Fired after each main-agent task completes. Generates one short phrase (the model’s best guess at what the user will type next) and pushes it to the UI via show_next_message_suggestion. The web UI renders it as the input box’s placeholder with Tab-to-accept; terminal / IM UIs are no-ops by default.

Design notes:

- NOT a forked subagent. Subagents clone history, run a full
  think/act/observe loop, and trigger hooks — overkill for "generate
  one line." We make a single +Client#send_messages+ call directly.
- Async (own thread) and fire-and-forget. +Agent#show_complete+ must
  never block on the suggestion call.
- Uses the provider's lite model when available (Claude → Haiku,
  DeepSeek pro → flash, ...), falling back to the current primary
  when no lite mapping exists.
- Reuses the main agent's system prompt + last few messages as the
  LLM input. When primary and lite share a provider, this lands on a
  warm prompt cache; otherwise the cost is small absolute (short
  prompt, ≤40 output tokens).
- Silent on any failure. A failed suggestion call never disturbs the
  user's actual task result.

Constant Summary collapse

MAX_SUGGESTION_CHARS = Max characters in a suggestion that we’ll forward to the UI. Anything longer is treated as a model misfire and dropped (it’s supposed to be a phrase, not a paragraph).

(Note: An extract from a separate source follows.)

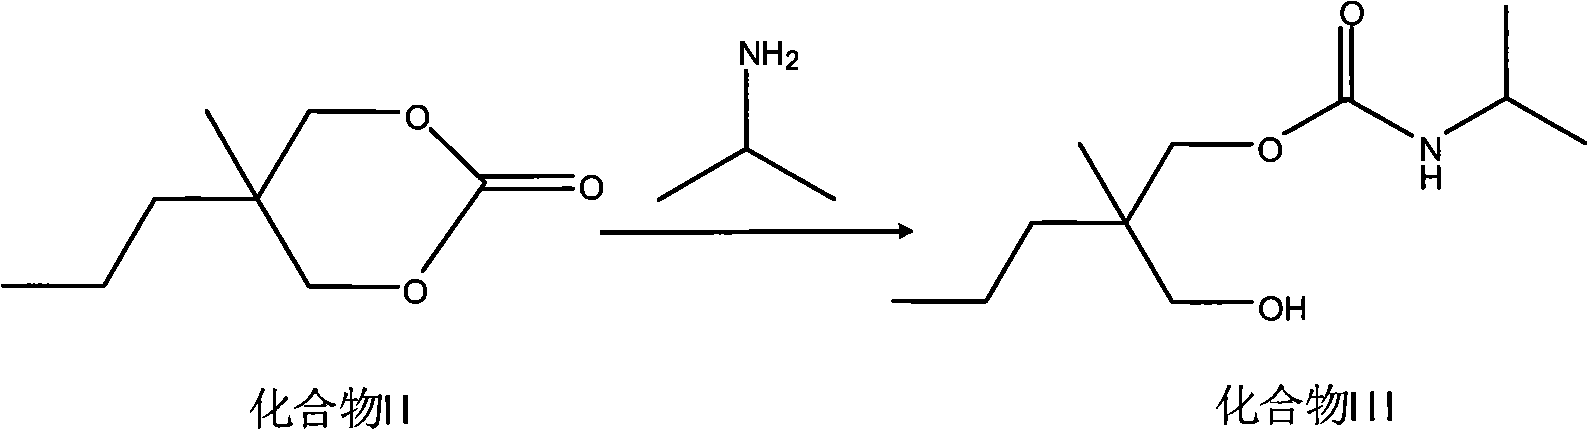 Method for synthesizing 5-methyl-5-propyl-1,3-dioxane-2-ketone and carisoprodol

RECENT_HISTORY_LIMIT = How many recent message pairs to send as context. 4 is plenty for the model to read the situation; more just inflates the cache footprint.

SUGGESTION_MAX_TOKENS = Output budget — short phrases only.

Instance Method Summary collapse

#next_message_suggestion_enabled? ⇒ Boolean

Trigger predicate.
#run_next_message_suggestion! ⇒ Object

Spawn the suggestion call in a daemon thread.

Instance Method Details

#next_message_suggestion_enabled? ⇒ `Boolean`

Trigger predicate. Cheap; called on the agent thread.

Returns:

(Boolean)

# File 'lib/octo/agent/next_message_suggester.rb', line 42

def next_message_suggestion_enabled?
  return false unless @config.respond_to?(:next_message_suggestion_enabled)
  return false unless @config.next_message_suggestion_enabled
  return false if @is_subagent
  true
end

#run_next_message_suggestion! ⇒ `Object`

Spawn the suggestion call in a daemon thread. Returns immediately.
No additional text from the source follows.